Nous entendons à nouveau des tapements de pieds, la question disparait et cinq autres nains se retrouvent peints sur le mur. La lumière grandit encore un peu. On entend alors des cris, deux nains se disputent en regardant leurs compagnons aplatis sur le mur : - Je te l’avais dit que tes questions étaient nulles. Ce vieux roi a le cerveau tout endormi, mais qui a eu la bonne idée de faire venir ces deux gosses ? Ils sont trop malins et bavards. C’est qui, hein qui ? - C’est pas moi ! - Qui alors ? - C’est ces deux gros malins de Splich et Splach qui voulaient voir ce que c’était une école. Ils n’avaient pas le droit de s’approcher de la zone, mais ils ont désobéi à Violetta. Pour les punir et elle a voulu les transformer en pierre mais son sort était trop fort et il a fait effondrer la porte interdite. Ça a fait une poussière énorme et les deux gamins sont tombés du ciel. - Il faut les empêcher de parler, sinon ils vont tous nous faire disparaître avec leur blabla. » Enzo et moi nous blottissons l’un contre l’autre, les deux nains s’avancent vers nous l’air menaçant. Soudain on entend une grosse voix : « Fermez les portes, ce vent est insupportable ! » Les nains retournent vers leurs compagnons à toute allure et criant : « Il se réveille, il se réveille ! » - De qui est-ce qu’ils parlent ? me demande Enzo - Du roi, regarde- le, il est tout redressé et sa barbe n’est plus grise mais brune. - On dirait qu’il rajeunit. - Regarde là-haut, il fait presque jour ! - On voit les nuages qui passent. - Où vont-ils ? - Quand j’étais petit, j’observais les nuages avec mes parents. C’est rigolo, ils changent de formes, ils s’étirent, ils bougent tout le temps. - Mais oui, je me souviens, avec ma petite sœur, nous allions tous les samedis au Parc, on s’allongeait dans l’herbe verte et on regardait le ciel. On aurait dit que les nuages étaient toujours pressés, comme des voyageurs. - On dirait que leur forme représente des animaux ou des monstres et qu’ils vont à un endroit, peut-être pour pleuvoir et continuer leur chemin dans les rivières. On peut partir avec eux dans des rêves.

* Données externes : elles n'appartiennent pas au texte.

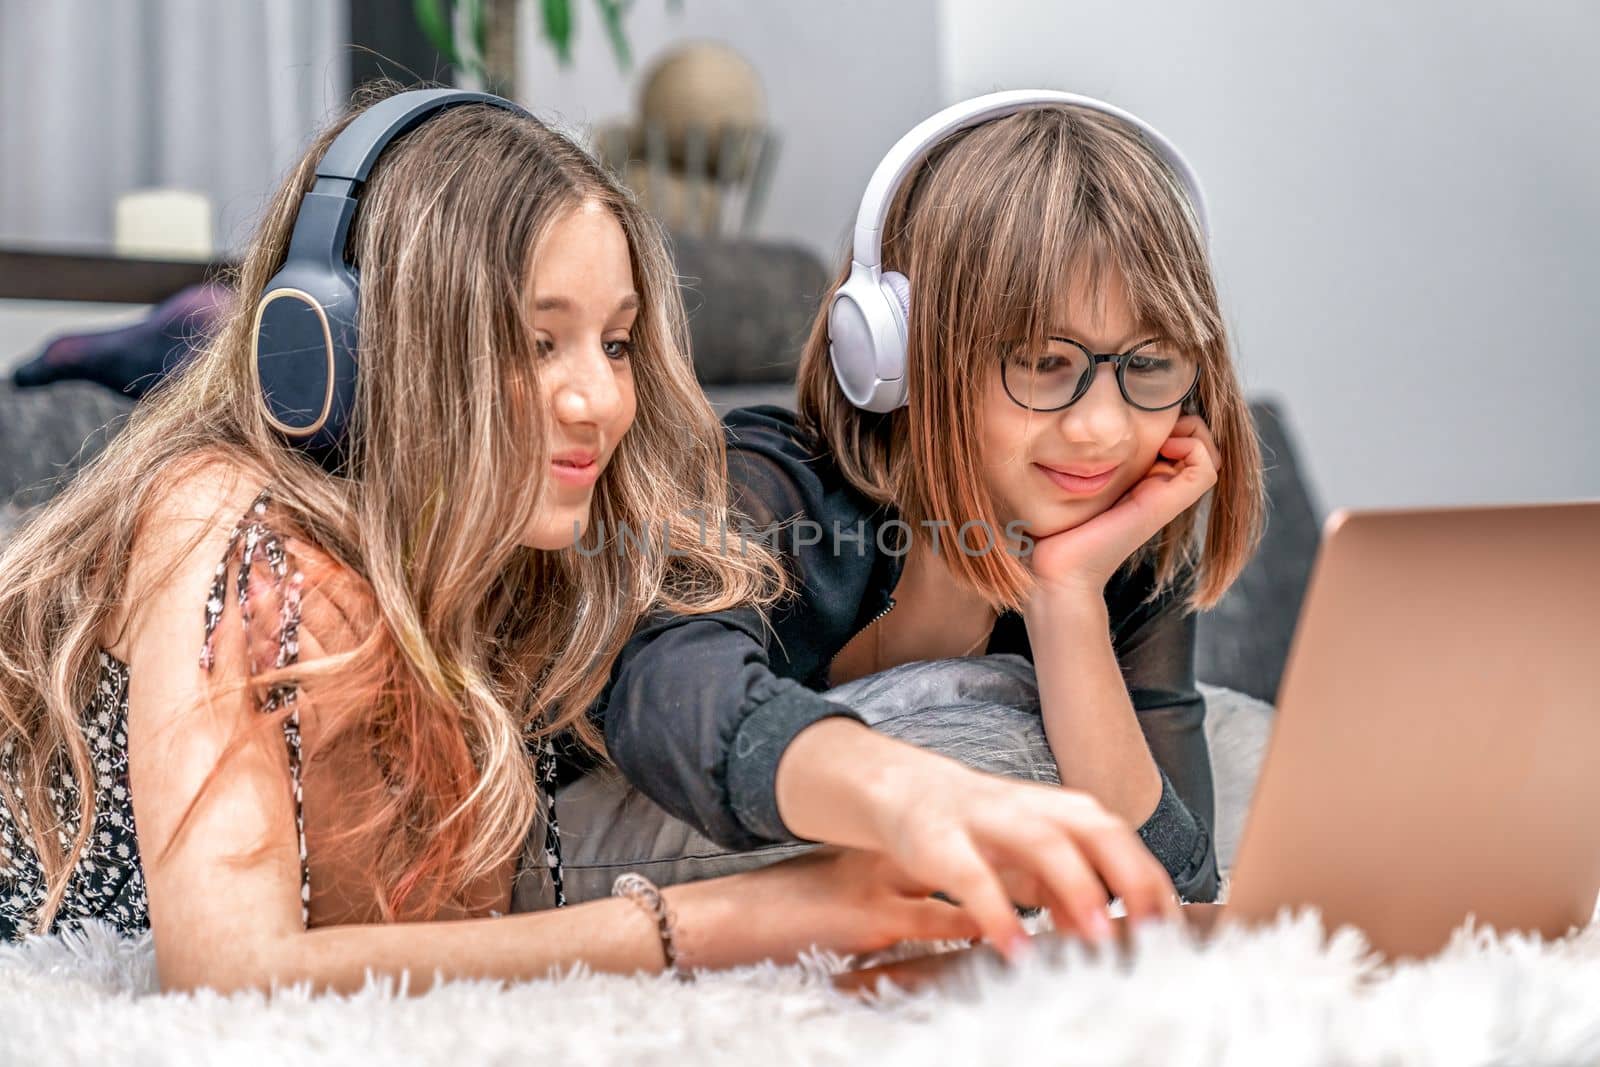 children with wireless headphones on their heads enjoy internet entertainment online on a laptop at home by Edophoto

- Moi, dit Rose je dis que les nuages sont des voyages, on peut aller très loin avec notre imagination. Tapements de pieds. La lumière augmente encore et il me semble bien que le roi a fait un petit sourire rapide en disant « merci ! » - Et c’est grâce au vent qu’ils bougent et avancent, dit Enzo qui n’a rien vu. - Oui, il a du souffle et de la force, il fait bouger les nuages, les feuilles des arbres, il nous rafraîchit l’été, il est bien présent dans la nature. On ne pourra jamais l’arrêter. - Mais les ailes des oiseaux ? Ce sont bien des pièges à vent ? Des pièges oui mais pas des cages. Jamais on ne pourra l’enfermer dans une cage. - Oui le vent est bien vivant. Des tapements de pieds encore plus forts qu’avant et hop quinze lutins sur le papier peint ! Et moi je me mets en boule : - Je veux rentrer à la maison - Ne pleure pas, il faut qu’on se parle encore pour tous les scotcher sur le mur. - Et après ? On ne pourra jamais retrouver le chemin. J’ai froid, j’ai peur, je veux rentrer à la maison. - Tu ne veux pas ton doudou ou ton chat en plus ? - Tu pourrais être gentil ! Mon chat il me fait plein de câlins, il ronronne et me calme. - Oui, et aussi il griffe et il crache ! - C’est quand on l’embête. Avec moi ses coussinets sont tendres et quand il vient sur moi et qu’il se blottit en me regardant en arrière pour que je le caresse il est tellement doux que c’est lui la caresse. A ce moment le sol tremble et en plus des nains évaporés et collés sur le mur on voit que le roi se met debout, il ressemble à un jeune homme, il essaie de marcher mais il retombe sur son siège. Des gouttes de pluie tombent par le trou du plafond. Il ne reste presque plus de nains mais ils nous surveillent encore. Le roi se met à parler : - Là-bas on a des sentiments, dans ces sentiments on a du cœur, dans ce cœur, on a de l’amour. Dans notre amour il y a les personnes qu’on aime.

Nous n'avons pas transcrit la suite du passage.